Note, too, among the documents, a Guide to Mozilla 1.0, which brings together links to some very useful information.

Mozilla 1.0 released!

You've probably seen it elsewhere, but I have to mention it: Mozilla 1.0 has been released.

Those simple words do not do justice to my excitement.

Apocalypse 5: Regular Expressions

Apocalypse 5 is out, dealing with regular expressions in Perl 6. Whew!

And it's looking like there's a slim chance that I'll be able to go to the O'Reilly Open Source Convention this summer and see Larry et al talk about Perl 6. Crossing my fingers.

Jobs. Sculley. SMACKDOWN!

"You don't survive the cola wars without some kick-ass ninja moves."

Damn straight.

For some reason, that just cracked me up. The best I've read there yet, though: Apple Executives Selling Stock, Buying Puppy. "I told them that a puppy is a huge responsibility that you can't just throw $19.5 million at. Who's going to feed it? Who's going to walk it?"

New Design

New three-column design. I made the "mistake" of implementing it without testing in IE/Windows. 8 hours later, settled in at work, I give it a shot in IE6/Win and a couple sections overlap. Stupid friggin' browser.

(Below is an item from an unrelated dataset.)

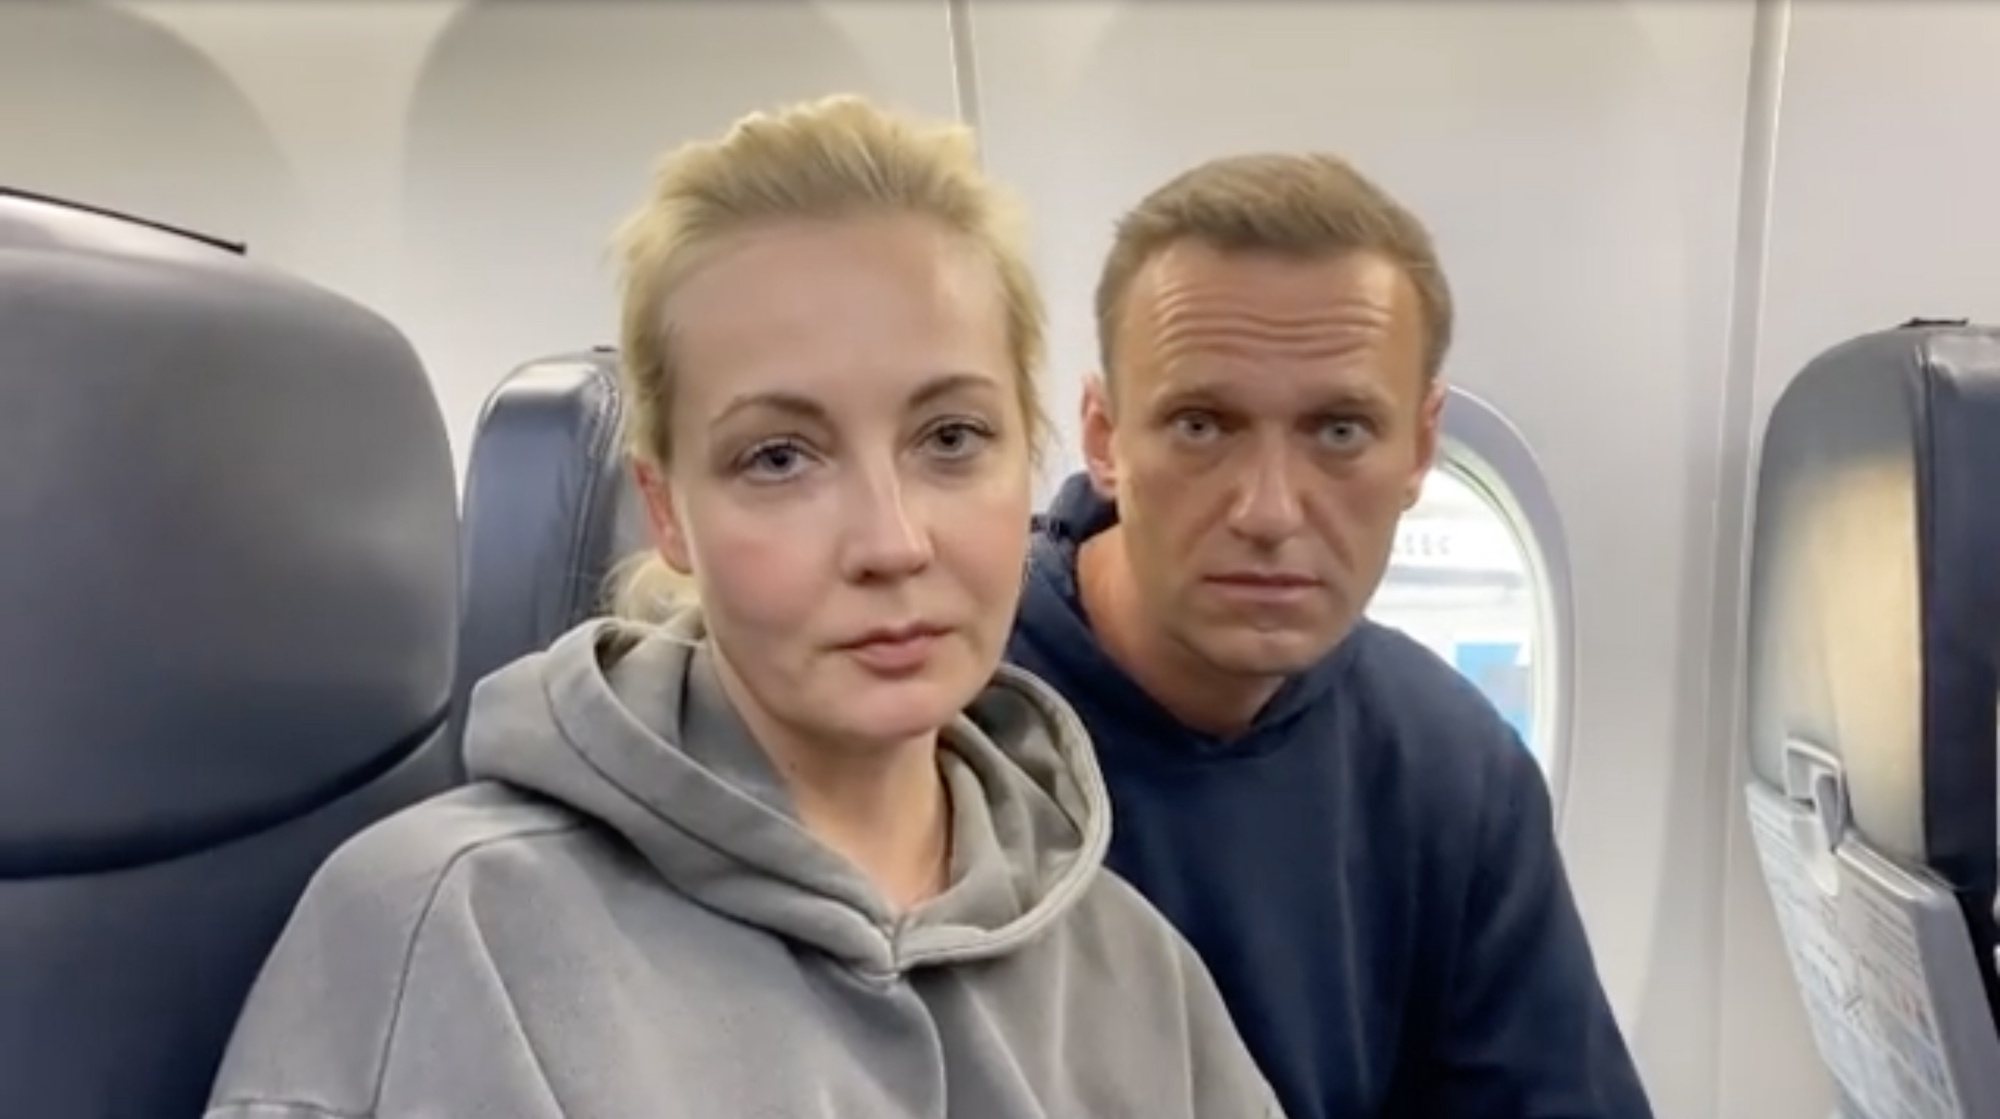 epa08959647 A frame grab of Alexei Navalny and Yulia Navalnaya taken from a video posted on the Instagram account @navalny shows Russian opposition Leader Alexei Navalny before his flight at the Berlin Brandenburg International Airport BER in Schoenefeld, Germany, 17 January 2021 (reissued 23 January 2021). Yulia Navalnaya, wife of Russian opposition leader Alexei Navalny, said 23 January 2021 she has been arrested by police during the protests in Moscow, Russia.  EPA/ALEXEI NAVALNY INSTAGRAM *** Local Caption *** 56625894
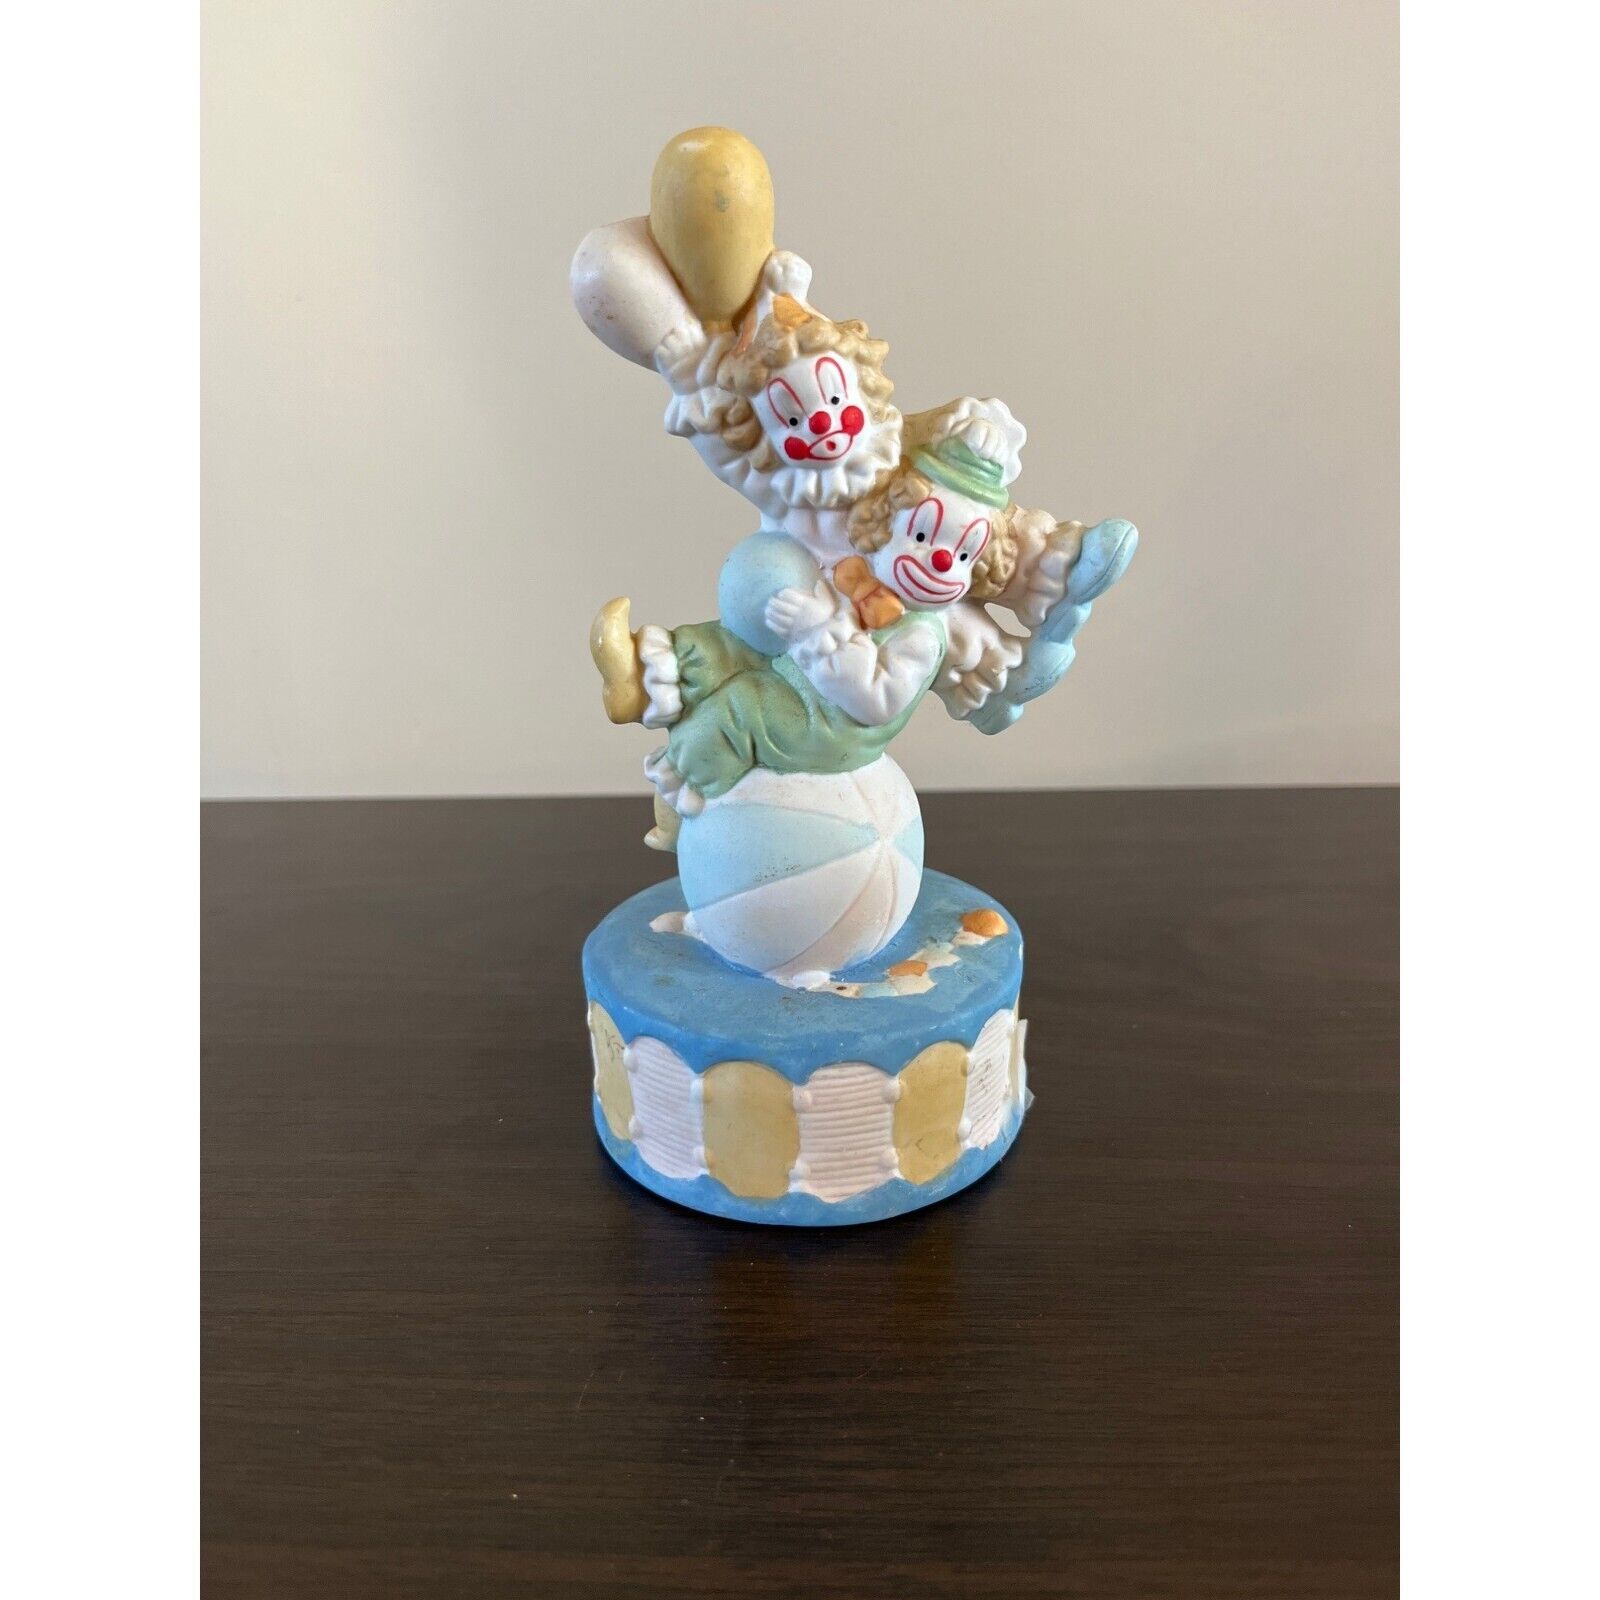 Acrobat Circus Clown Figurine Holding Balloons Sitting On Ball Multicolor

I should not be so quick to judge. As I keep pointing out to a colleague of mine who criticizes what Mozilla does to his designs, just because a browser does not act as you expect does not mean that it is wrong. It's quite possible — probable, even — that in my tweaking here and there I broke something. It's also possible, of course, that I need some weird workaround for a bug in IE6. I very much would like to avoid ugly hack workarounds, so I may end up having to go to a simpler design.

Just as well, because while thinking about how to fix it I realized that I'm not sure I want a three-column design. So after a quick workaround, back to the drawing board...

Update: for the record, it's a problem with IE. So there.

No site nav toolbar in Mozilla.

Reading about <link>ed RSS feeds, I'm interested. Good idea. "Say, Sam," I tell myself, "why don't you check that out with Mozilla's Site Navigation Toolbar?" A fine idea. But I can't find it. In vain I methodically check through the preferences. Oh, great. It's not in the Mac builds. I thought I remembered it there, but maybe not. Hm, maybe on OS X. Nope. Rats.

Wait! Release notes! Maybe I can dig through the release notes and find out whether it's available for the Mac. Hey, there it is:

The Site Navigation Bar, also known as the Link Toolbar, is not available for this release. (Bug 138496)

Ah. No one has it in RC3. Bummer.

KDE on OS X

Fink, a project for bringing open source Unix software to Mac OS X, is making KDE available for OS X. Oh yeah. It's still experimental, though (that is, "There are no guarantees that it won't delete your hard drive, kill your dog, put water in your gas tank, or make parts of your body randomly explode."). Doesn't mean it isn't good for a lark.